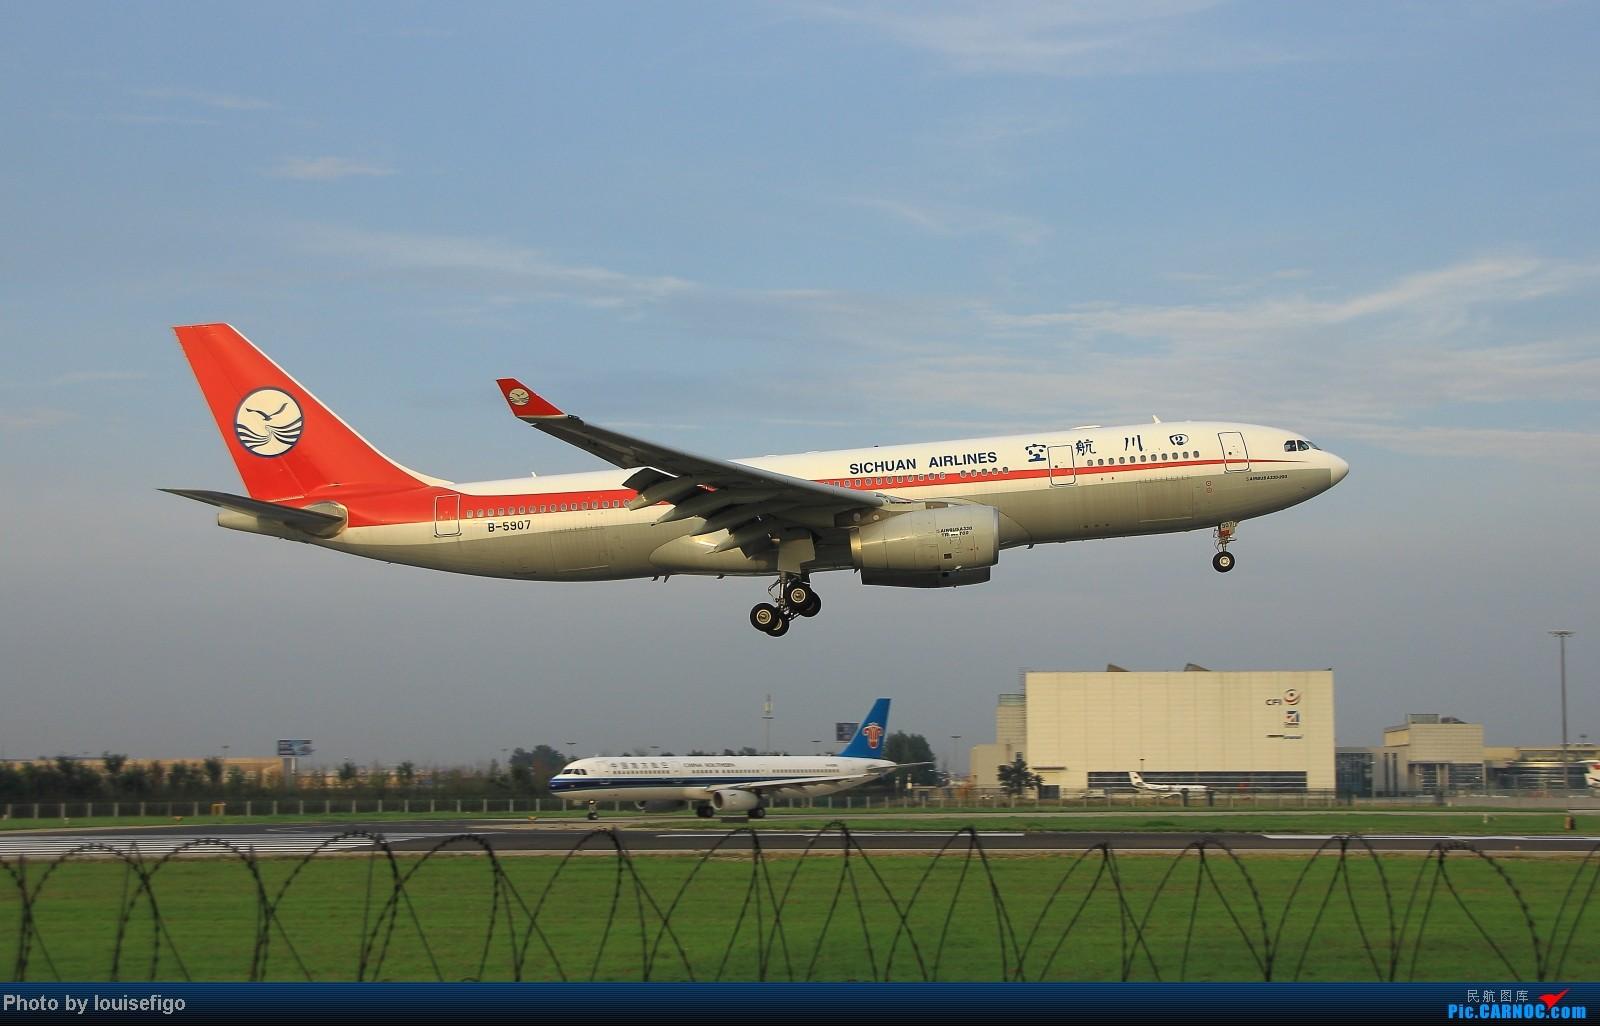 Re:[原创]闲来无事天气闷,发点冷饭自娱乐!!!PEK西跑的降落杂图~发到哪儿是哪儿啊!随心情! AIRBUS A330-200 B-5907 北京首都国际机场
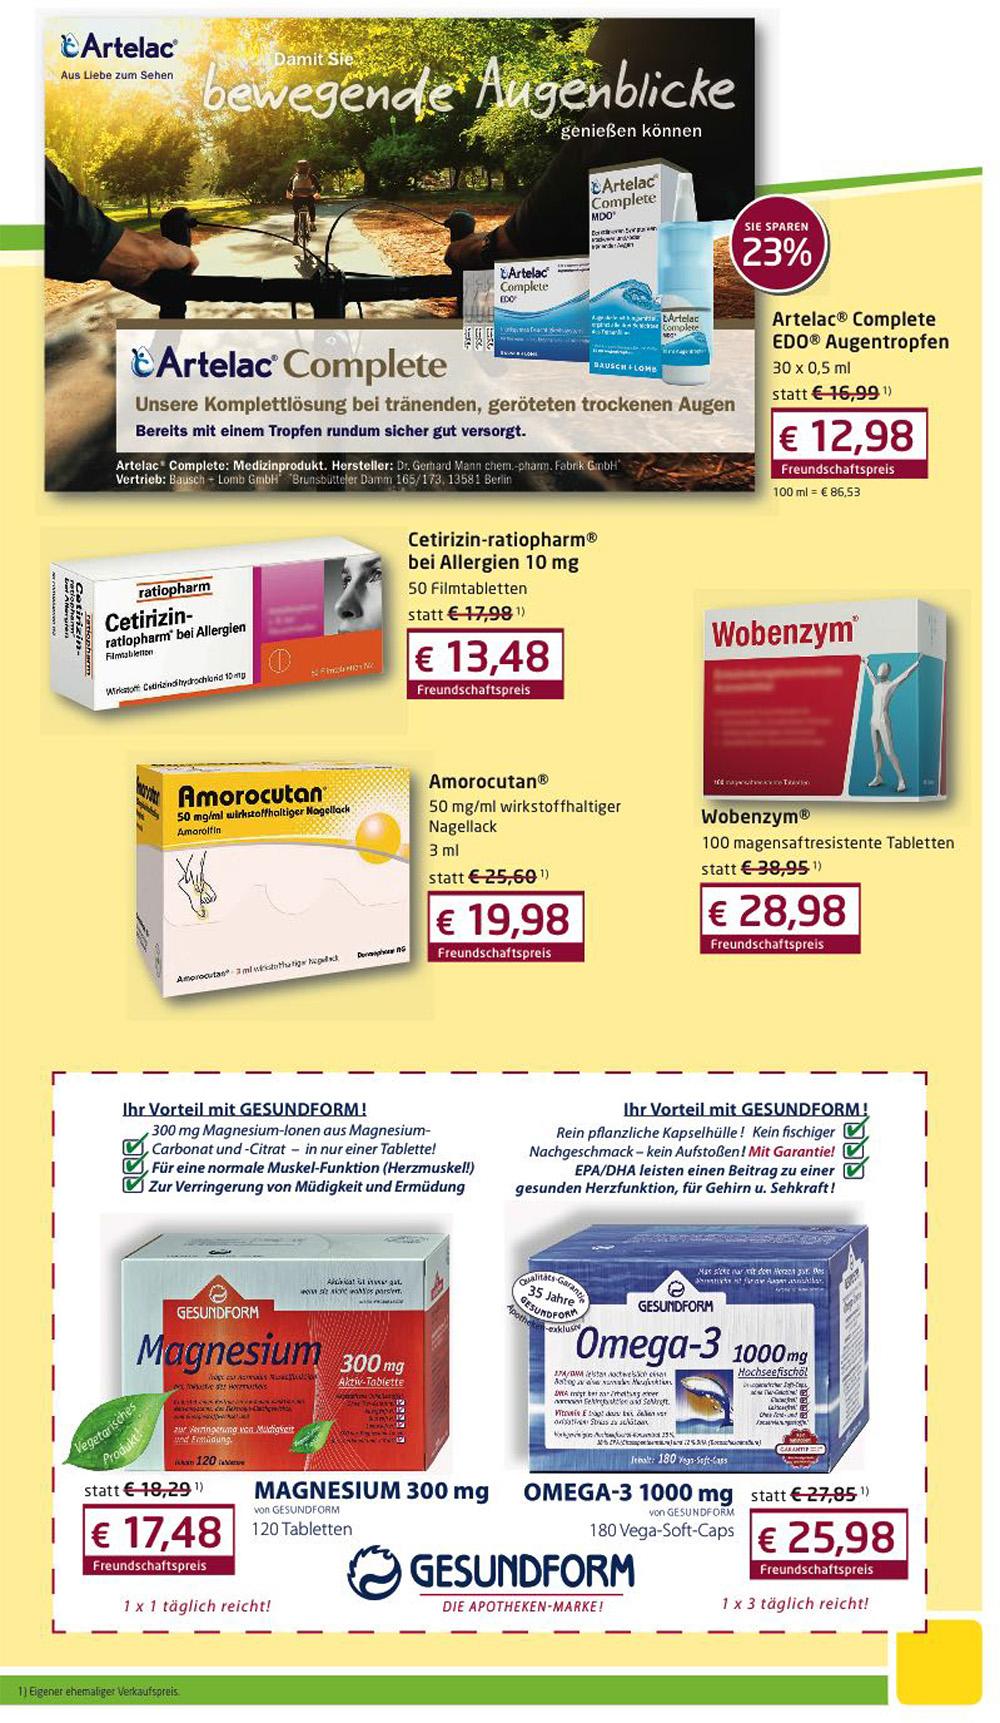 http://www.apotheken.de/fileadmin/clubarea/00000-Angebote/72488_Laizer_Angebote_5.jpg
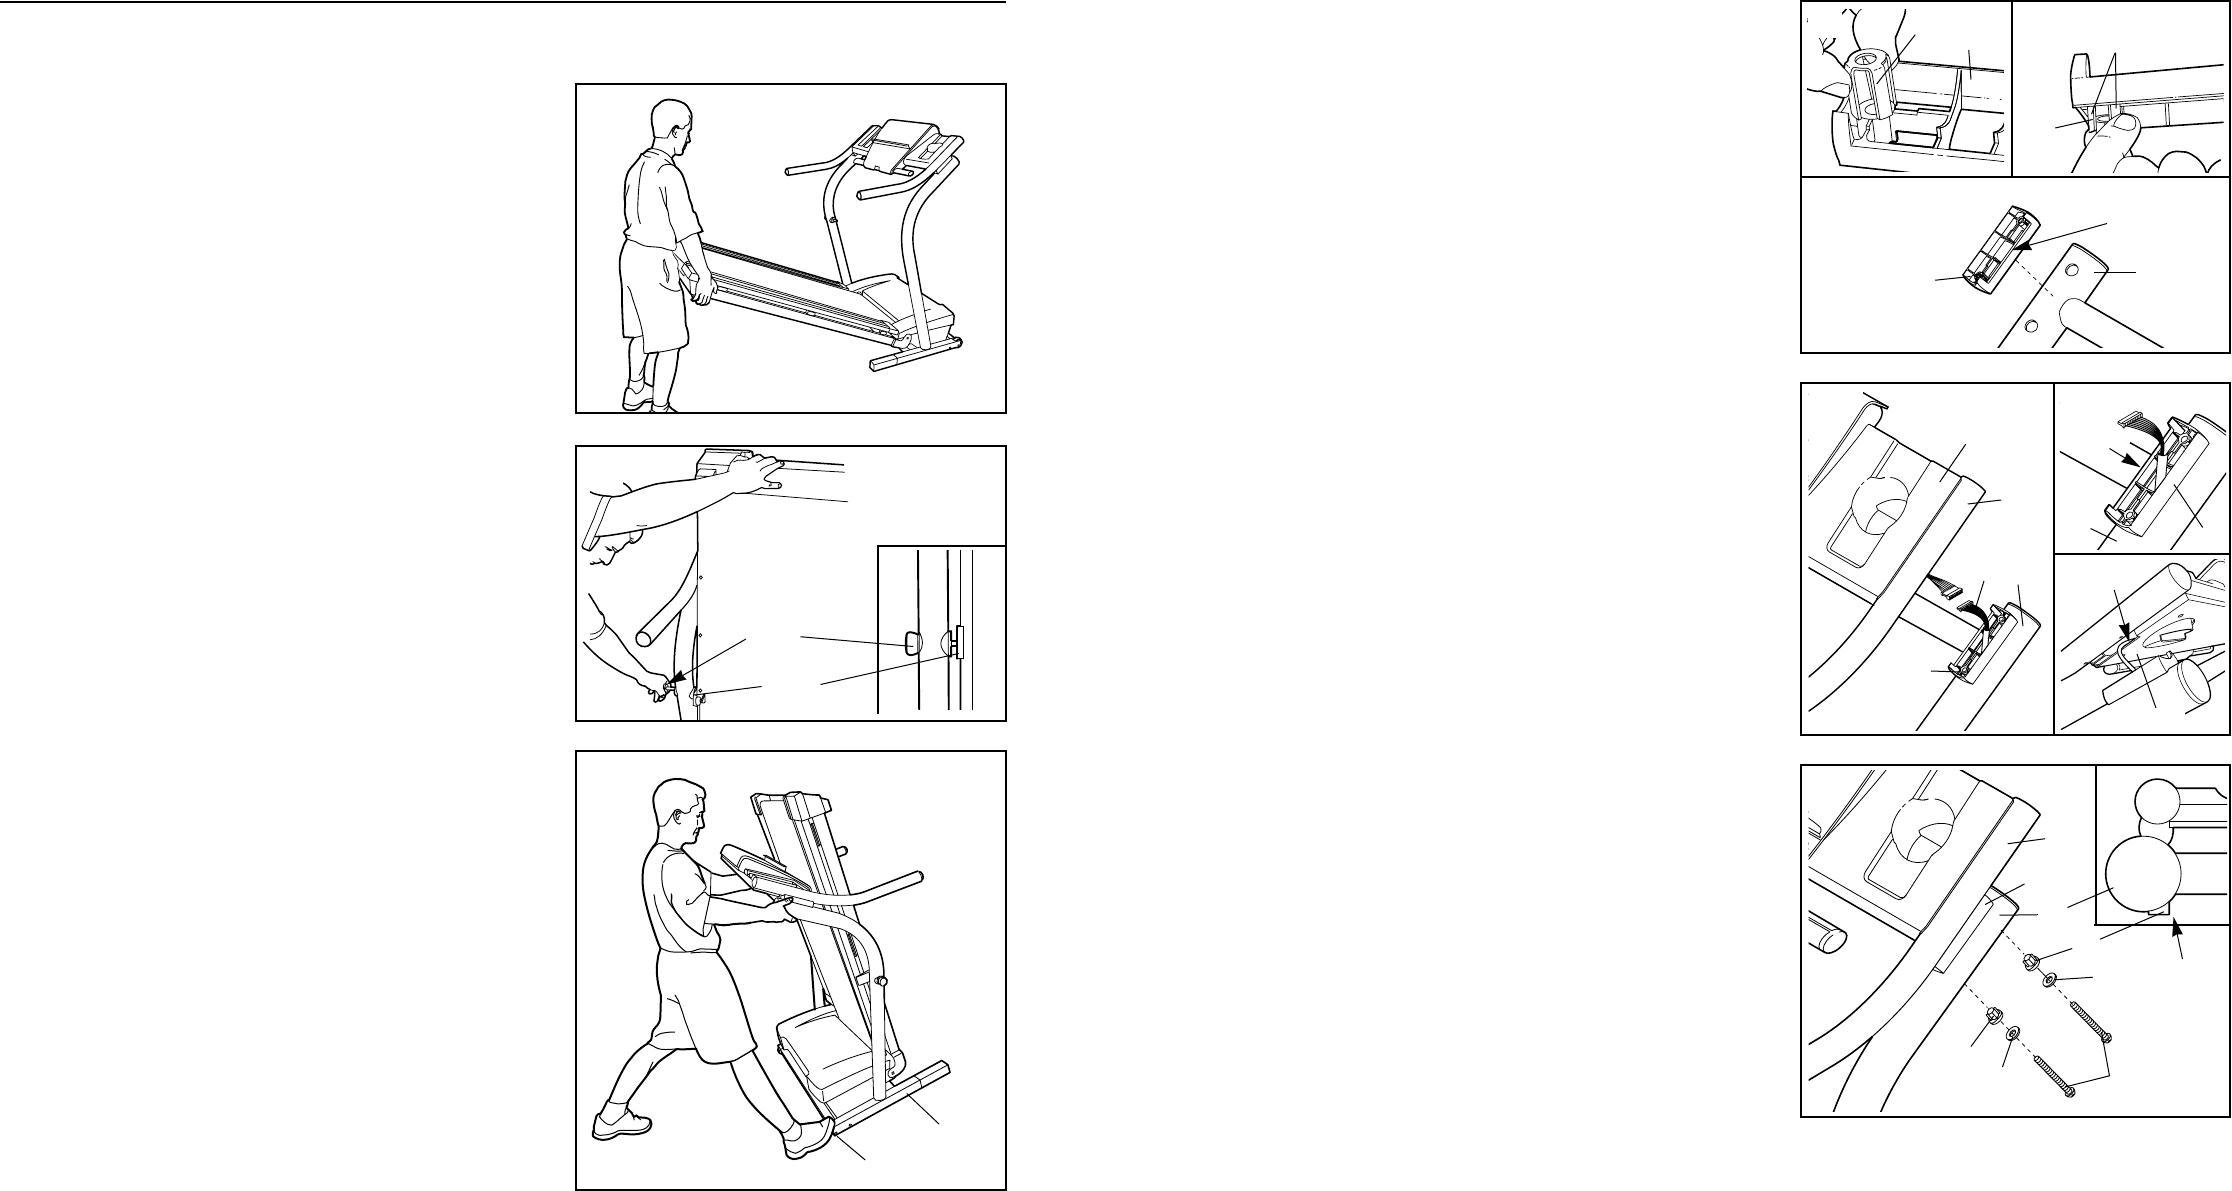 Nordictrack Exp1000 Wiring Diagram Electrical Diagrams Handleiding Exp 1000 Netl09910 Pagina 6 Van 17 English Exp1000s Treadmill Users Manual
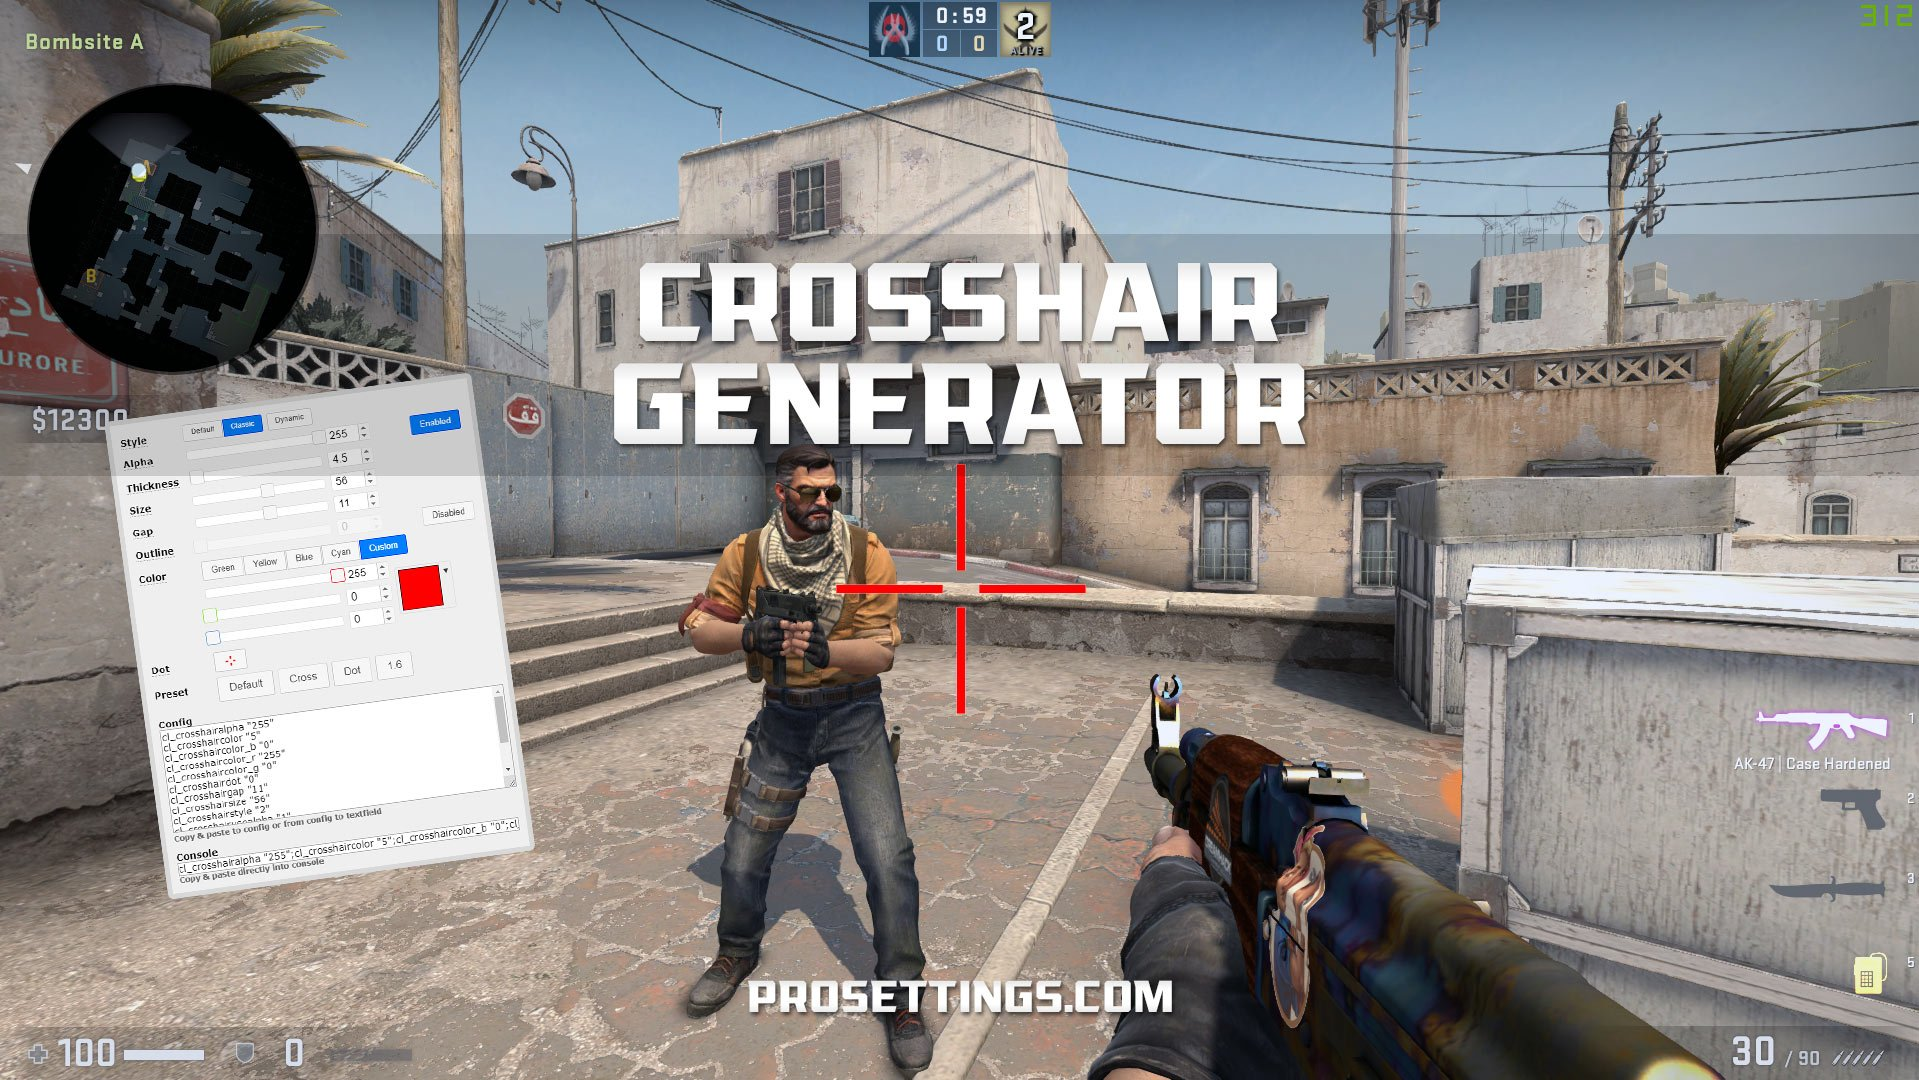 Crosshair Generator for CS:GO - ProSettings Pro Tools
────
◆ **Problem details**
Produce an exact copy of each line of data, skipping embedded images.

◆ **Expected answer**
 Re:[原创]闲来无事天气闷,发点冷饭自娱乐!!!PEK西跑的降落杂图~发到哪儿是哪儿啊!随心情! AIRBUS A330-200 B-5907 北京首都国际机场
 http://www.apotheken.de/fileadmin/clubarea/00000-Angebote/72488_Laizer_Angebote_5.jpg
 Nordictrack Exp1000 Wiring Diagram Electrical Diagrams Handleiding Exp 1000 Netl09910 Pagina 6 Van 17 English Exp1000s Treadmill Users Manual
 Crosshair Generator for CS:GO - ProSettings Pro Tools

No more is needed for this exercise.